WORK TASK
Would you reproduce each line below exactly, leaving every picture out?

DATA PROVIDED
[Start of section]

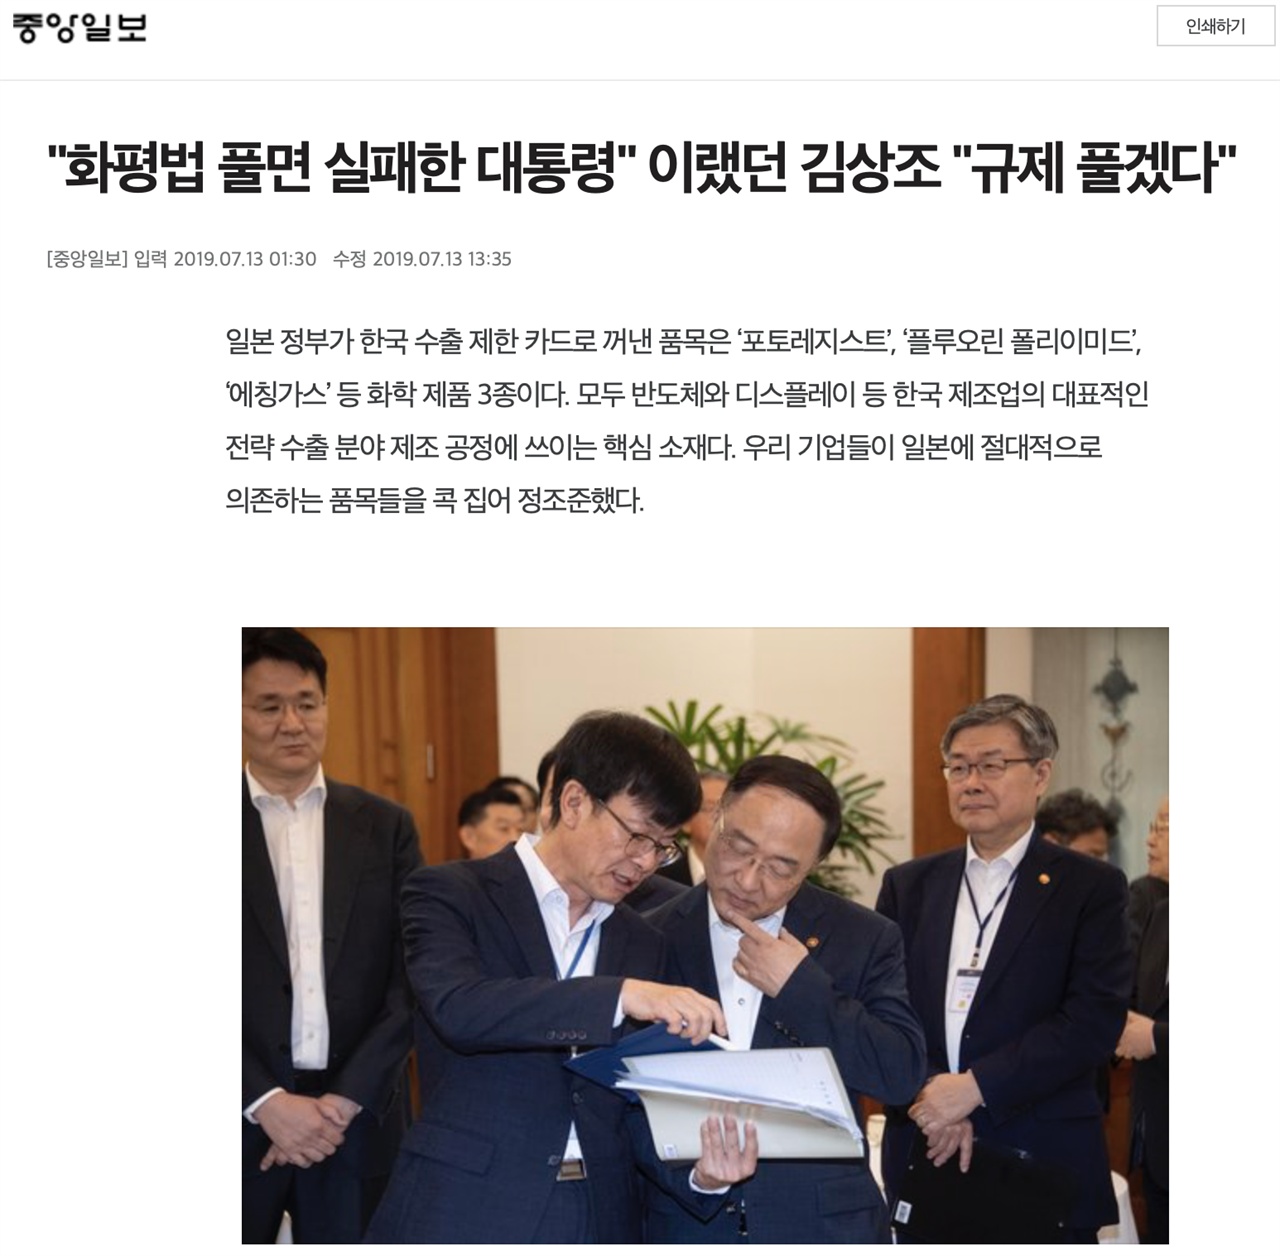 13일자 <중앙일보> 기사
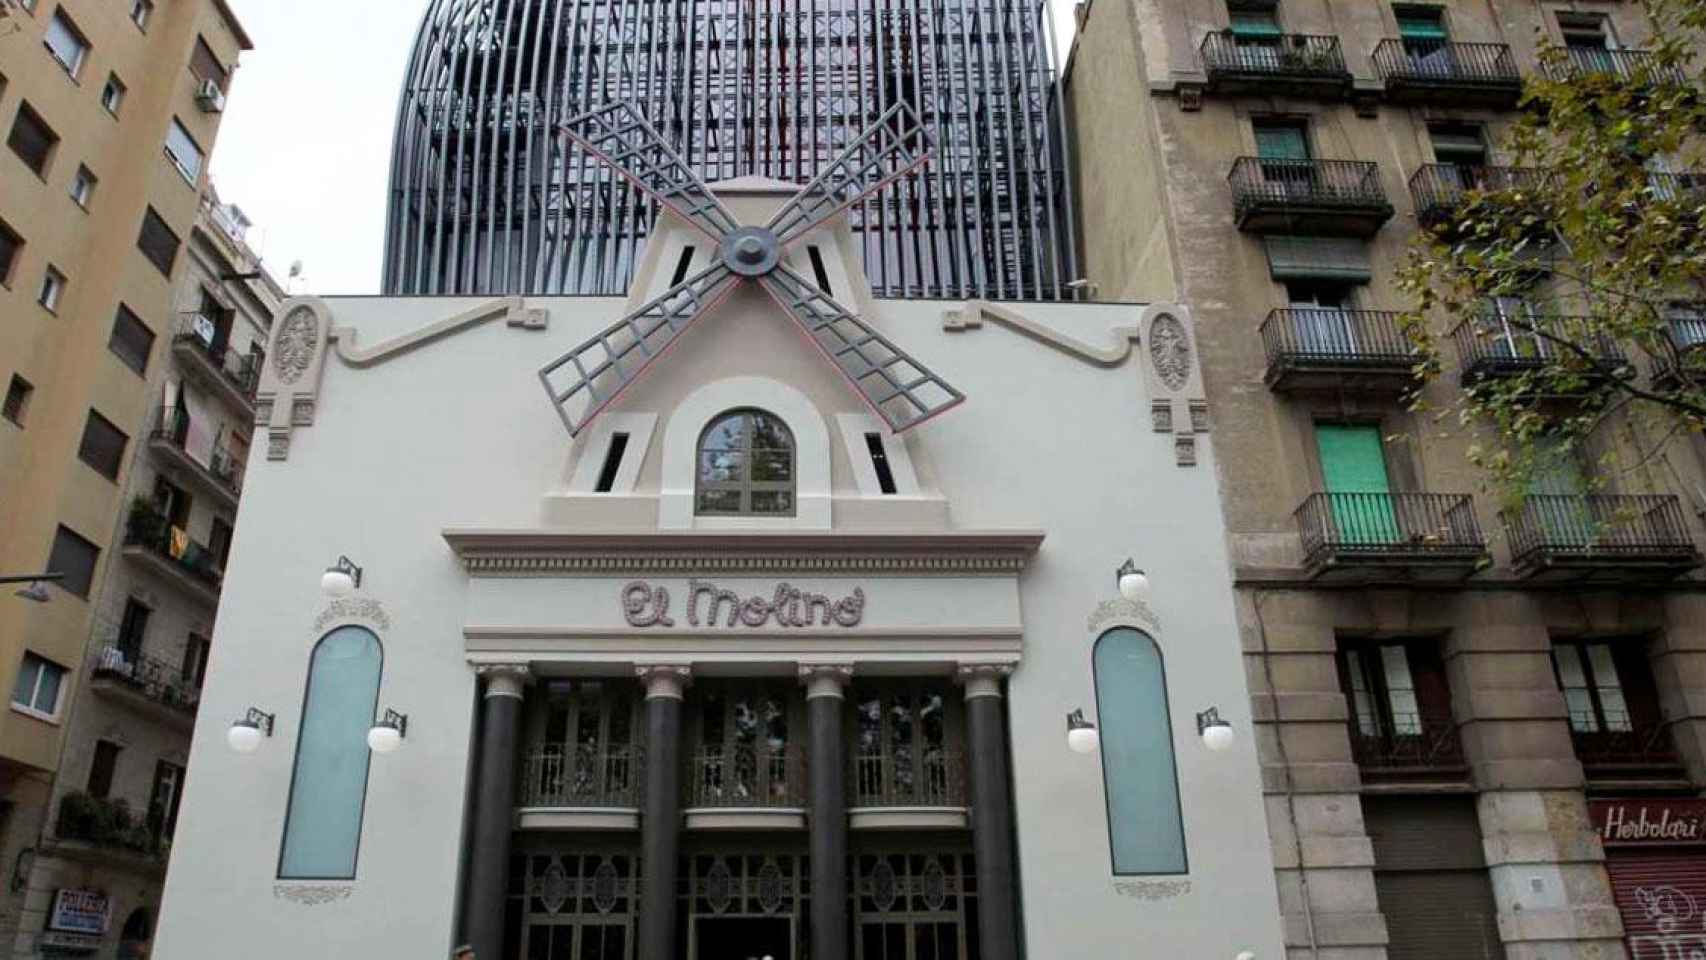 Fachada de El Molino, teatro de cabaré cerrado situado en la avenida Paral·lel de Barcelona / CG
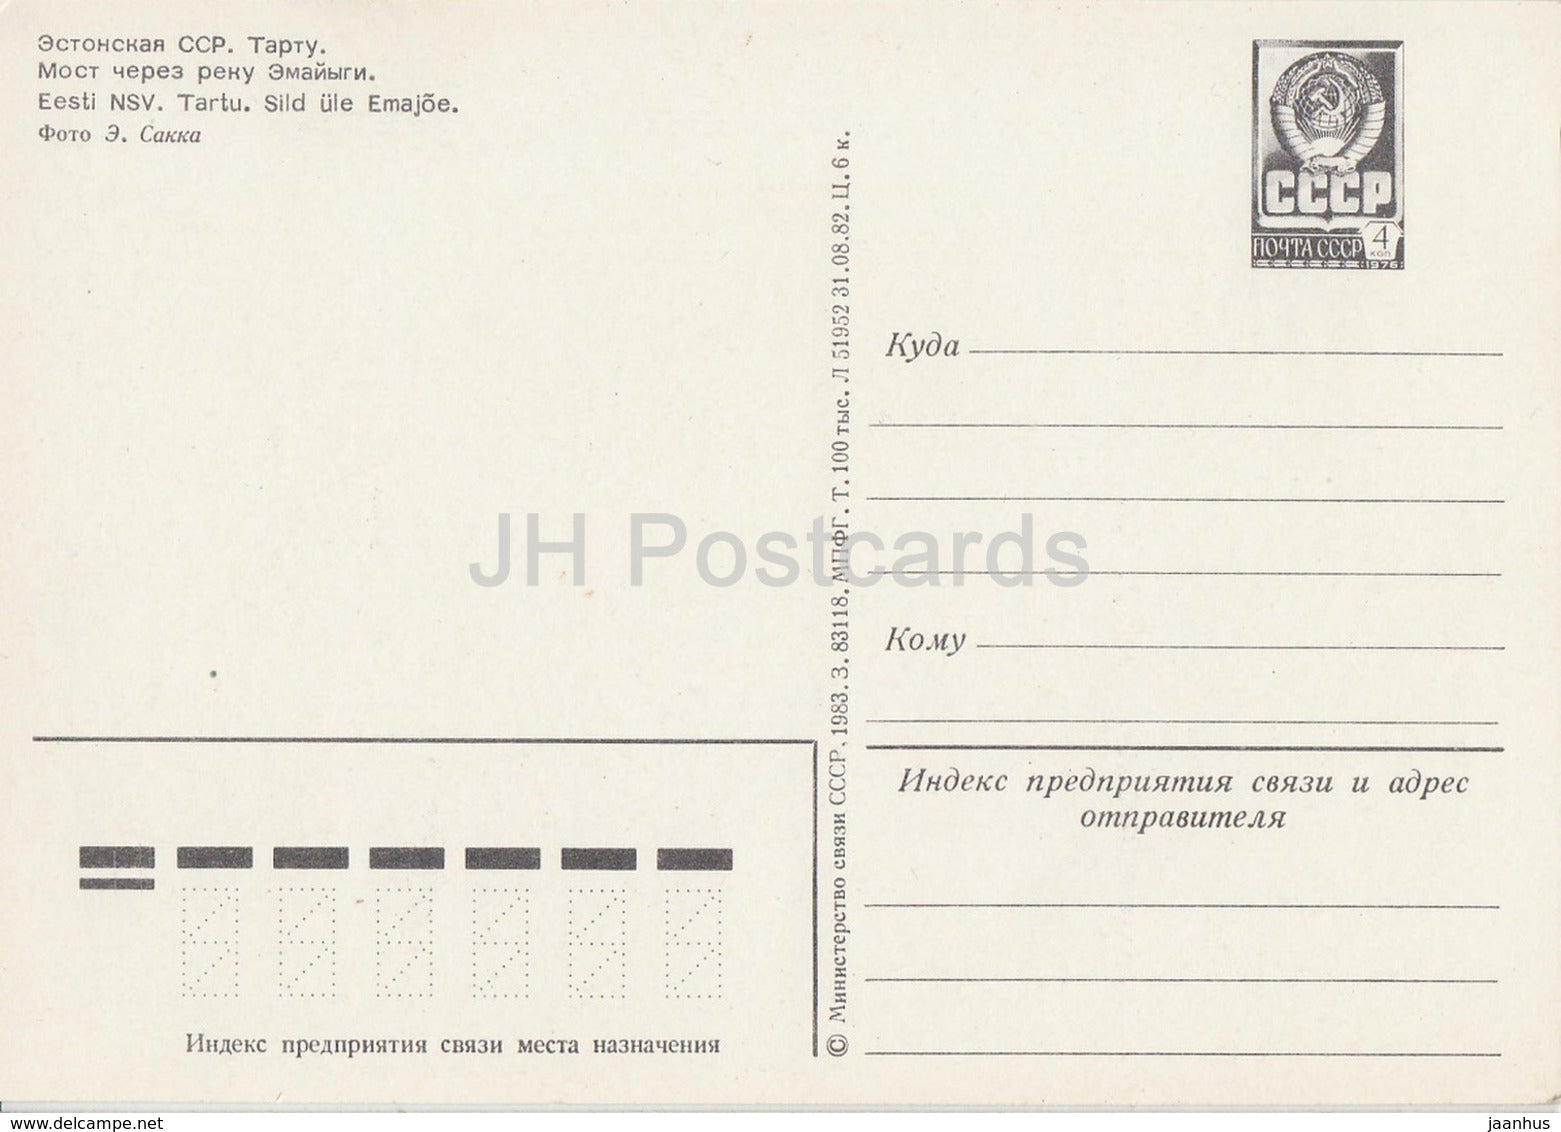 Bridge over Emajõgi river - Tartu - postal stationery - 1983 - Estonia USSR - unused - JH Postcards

[End of section]

SOLUTION TO THE EXERCISE
 13일자 <중앙일보> 기사
 Fachada de El Molino, teatro de cabaré cerrado situado en la avenida Paral·lel de Barcelona / CG
 Bridge over Emajõgi river - Tartu - postal stationery - 1983 - Estonia USSR - unused - JH Postcards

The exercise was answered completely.